When would a surrogate endpoint be used in a clinical trial?

A surrogate endpoint is a clinical trial endpoint used as a substitute for a direct measure of how a patient feels, functions, or survives. A surrogate endpoint does not measure the clinical benefit of primary interest in and of itself, but rather is expected to predict that clinical benefit.

What is the difference between surrogate and clinical endpoints?

Unlike clinical endpoints, surrogate endpoints do not represent direct clinical benefit, but instead predict clinical benefit. For example, tumor shrinkage can be used as a surrogate endpoint for longer survival in clinical trials for drugs intended to treat some cancers.

What is a surrogate marker in research?

A surrogate end point, or marker, is a laboratory. measurement or physical sign that is used in therapeutic trials. as a substitute for a clinically meaningful end point that is a. direct measure of how a patient feels, functions, or survives. and that is expected to predict the effect of the therapy.

What is an example of a surrogate outcome?

An example is blood pressure reduction as a surrogate risk for stroke, for a well-studied class of antihypertensive agents. Level 3 is a nonvalidated surrogate outcome, yet one established to be reasonably likely to predict clinical benefit for a. specific disease setting and class of intervention.

Is a biomarker a surrogate endpoint?

A surrogate endpoint is a marker—such as a biomarker or other measure—that is expected to predict, but is not itself a measure of clinical benefit, and can thus be substituted for a clinical endpoint.

Is blood pressure a surrogate endpoint?

Background: Blood pressure is considered to be a leading example of a valid surrogate endpoint.

What does endpoint mean in clinical trial?

Listen to pronunciation. (END-poynt) In clinical trials, an event or outcome that can be measured objectively to determine whether the intervention being studied is beneficial.

What is a surrogate endpoint biomarker?

A surrogate endpoint has been defined as ‘a biomarker intended to substitute for a clinical endpoint’, the latter being ‘a characteristic or variable that reflects how a patient feels, functions, or survives'[4].

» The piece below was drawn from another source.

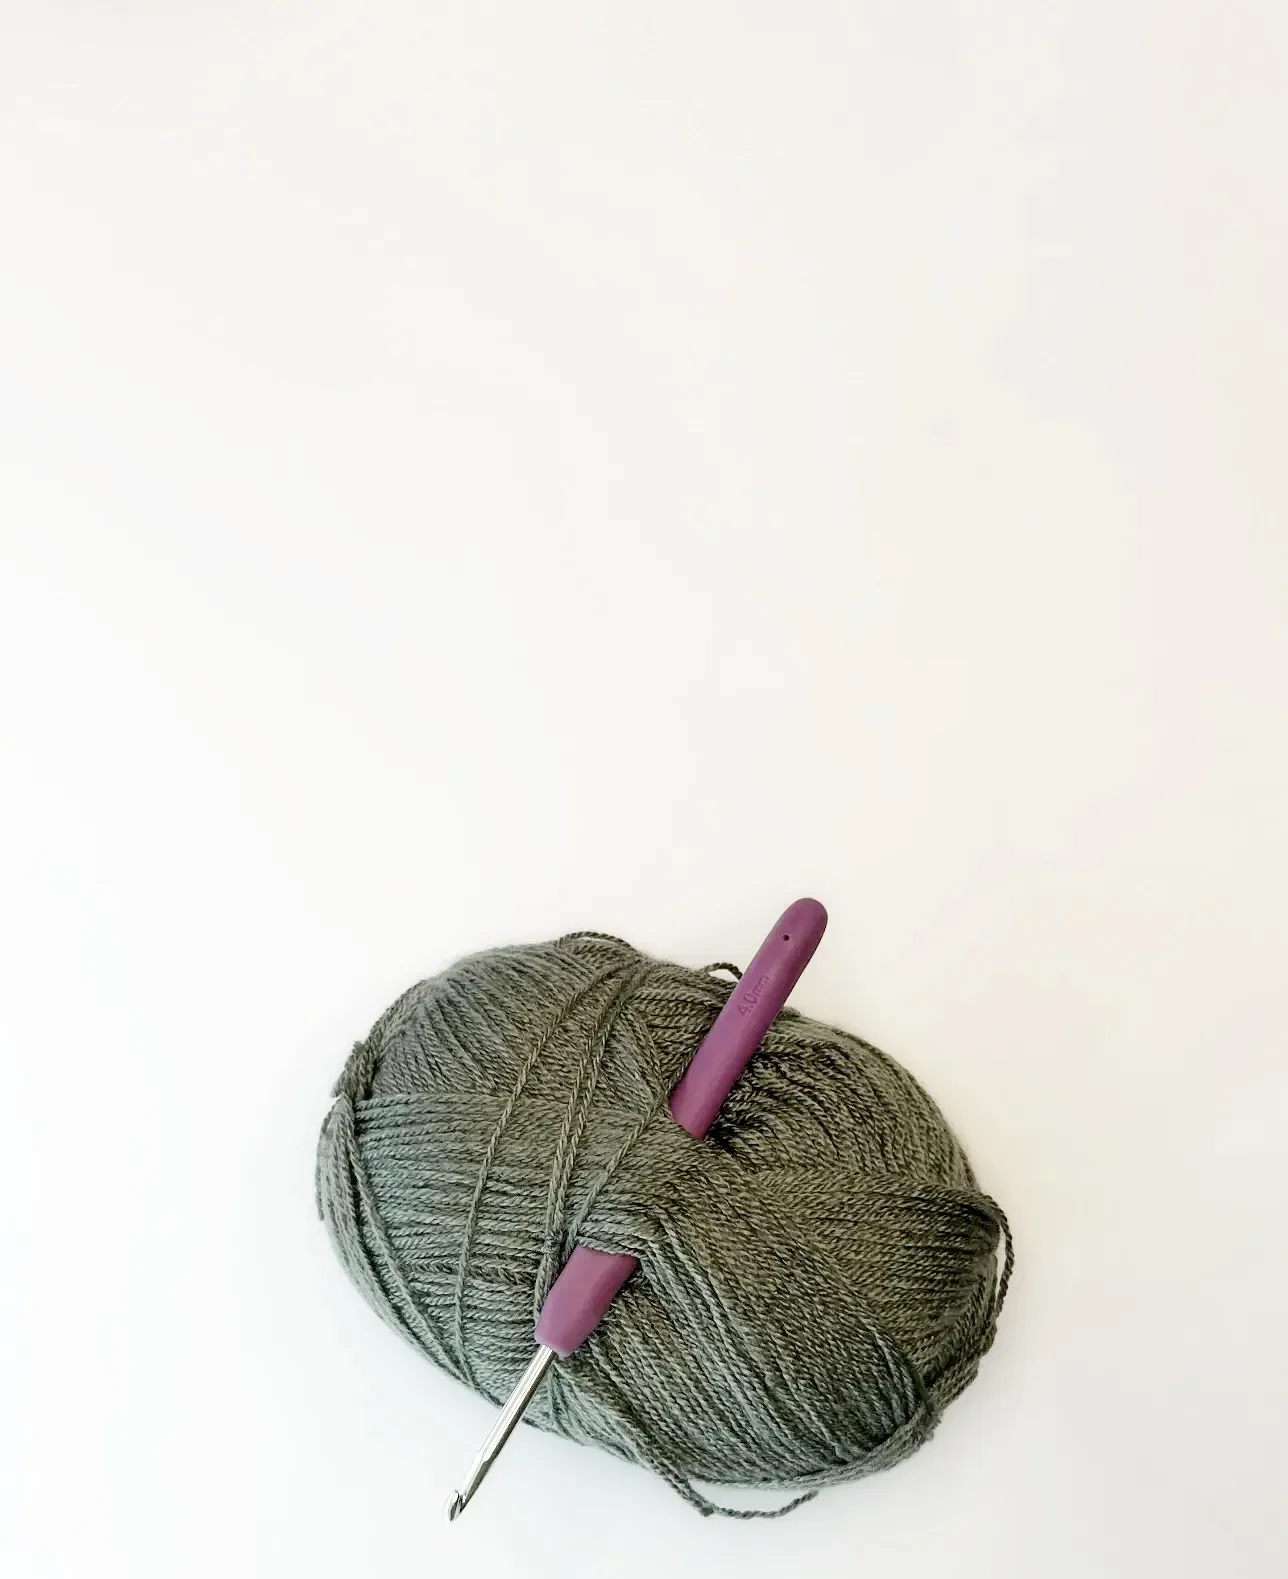 yarn and crochet hook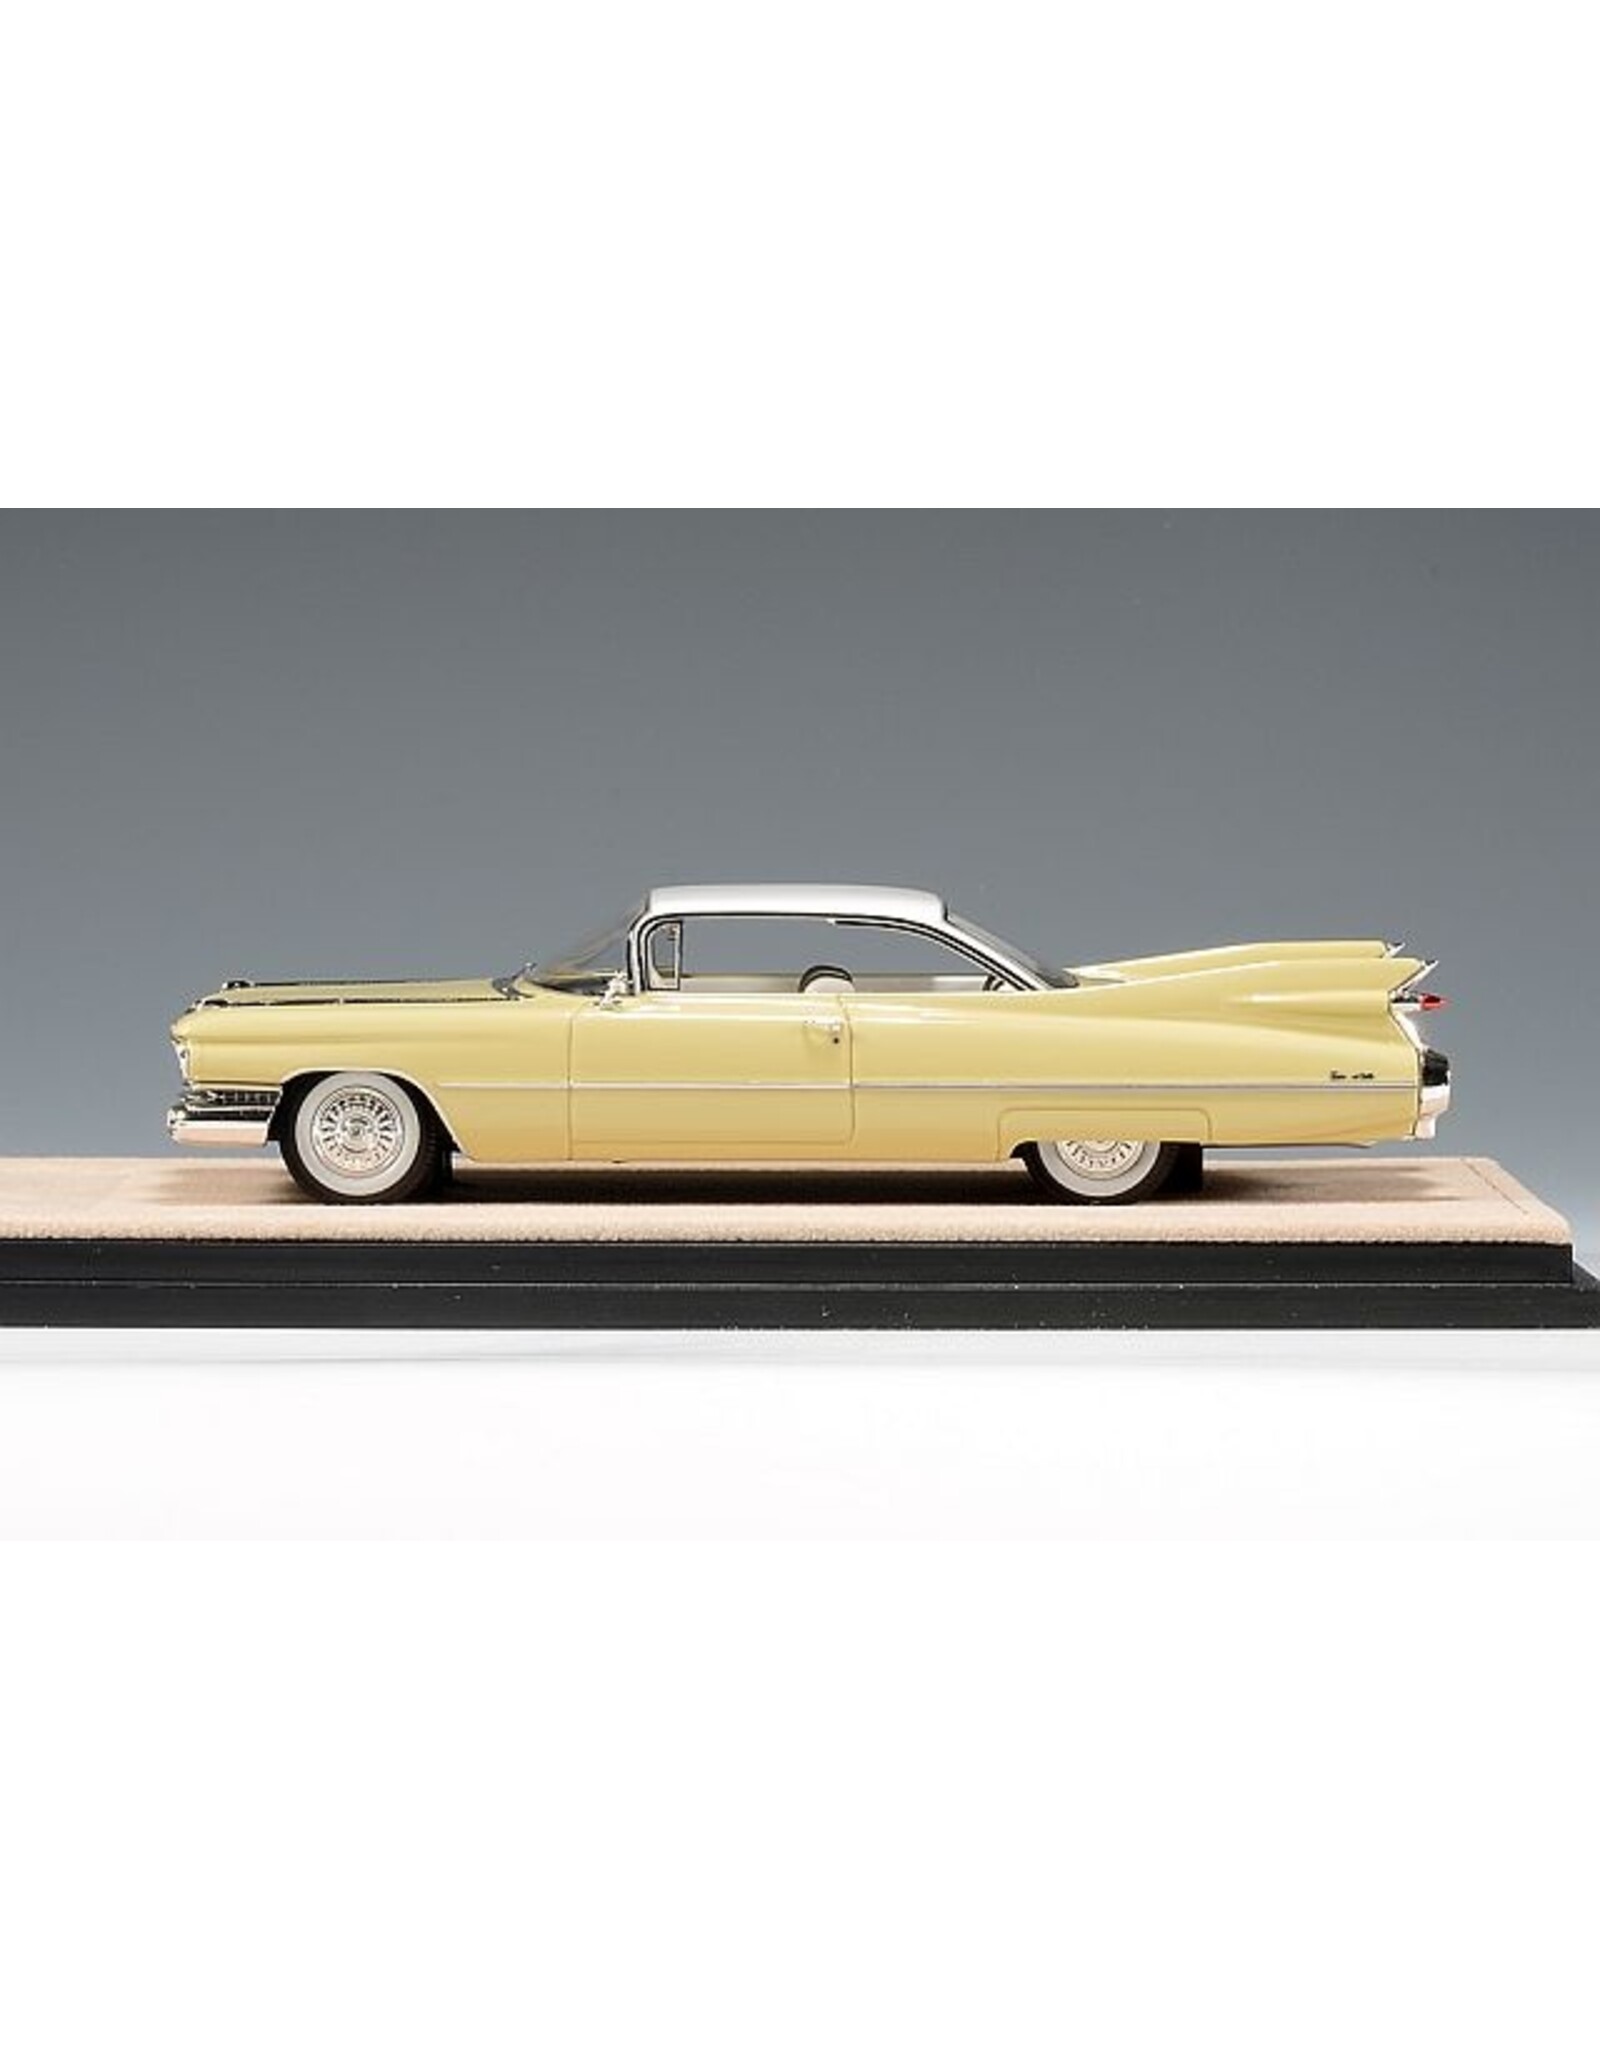 Cadillac(General Motors) Cadillac Coupe Deville(1959)Gotham gold

What is a surrogate endpoint Mcq?

A surrogate endpoint is “a laboratory measure or a physical sign that is intended to be used as a substitute for a clinically meaningful endpoint” [3].

What is the endpoint in clinical trials?

In clinical trials, an event or outcome that can be measured objectively to determine whether the intervention being studied is beneficial.

What is surrogate outcome measures?

A surrogate endpoint is a physical measurement of a specific outcome which is considered to be a valid predictor (or representative) of the real outcome or final result. In simple words, a surrogate endpoint is like a measurable indicator that can help us know what the real result is.

How do you validate a surrogate endpoint?

Validating a surrogate endpoint requires providing evidence based justifications, often from RCTs, that achievement effects from the surrogate endpoint reliably predicts achievement of clinically important effects on a clinically meaningful endpoint [1-6]. A good example is cholesterol.

What is a surrogate endpoint in cancer research?

A surrogate endpoint is usually proposed on the basis of a biologic rationale. In cancer studies with survival time as the primary endpoint, surrogate endpoints frequently employed are tumour response, time to progression, or time to reappearance of disease, since these events occur earlier and are unaffected by use of secondary therapies.

When can adaptive design be based on a surrogate endpoint?

FDA guidance states that where a potential surrogate endpoint exists that is correlated with the primary endpoint, and the primary endpoint itself is difficult or slow to ascertain, an adaptive design can be based on the potential surrogate endpoint.

Why adoptive trials for cancer patients?

For patients and advocates, adaptive trials and surrogate endpoints increase the likelihood that patients receive the most beneficial treatment for their cancer subtype at an earlier point in their disease.